Reputation: 12361
I want to have a single DAG to download data from an FTP, I don't need all the data in the FTP just certain files. The files get uploaded daily at certain times throughout the day and I want to retrieve these files shortly after they are available on the FTP site.
Ex FTP schedule:
/Data/US/XASE/yyyymmdd.csv #uploaded daily at 9:00 PM UTC
/Data/EU/TRWB/yyyymmdd.csv #uploaded daily at 1:00 PM UTC
...
/Data/EU/XEUR/yyyymmdd.csv #uploaded daily at 11:00 AM UTC
How can I set the scheduler in the dag so that I can copy the data from the FTP site as they are uploaded and not have a separate dag for each upload time?
Upvotes: 0
Views: 2292
Reputation: 2956
I think you have three options for scheduling here.
Option 1
You run exactly at 11AM,1PM,9PM UTC with the following schedule 0 11,13,21 * * *
. Or maybe 5 mins after the full hour to add some buffer (5 11,13,21 * * *
).
Option 2
You run the DAG more regularly and check if the files are available and then download them within the Task. This makes sense if there is a higher chance that the file upload is delayed.

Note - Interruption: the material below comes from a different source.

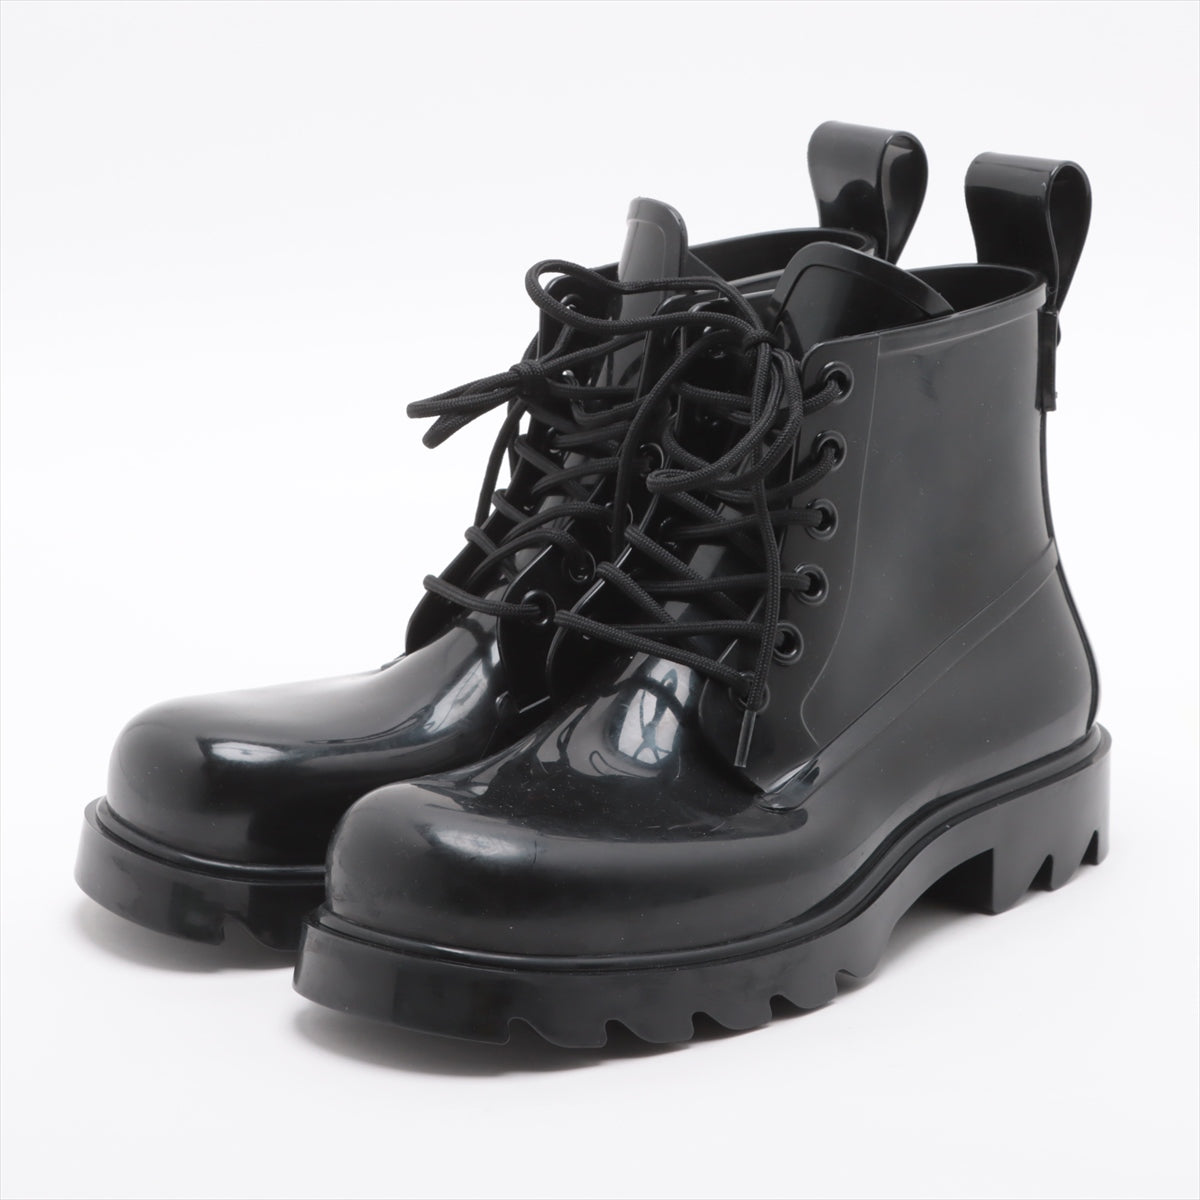 Bottega Veneta Rubber Boots 41 Men's Black Lace up Is there a replacement string Box lid damaged

For example */10 10-22 * * *
would run every 10 minutes between 10:00-22:00.
Option 3
You schedule a DAG once per day (@once
) and then work with TimeDeltaSensor. I think this option is least preferable as you have a lot of tasks just "waiting" - which can block the execution of other airflow tasks.
Besides that it also depends heavily how you want to handle the download from the FTP itself.
I guess you could create a task for every file to download per day and put a task based on BranchPythonOperator in front to avoid trying to download the same file multiple times.
Or you put the whole logic into a PythonOperator including a logic that just downloads certain files based on execution_date
.
Upvotes: 1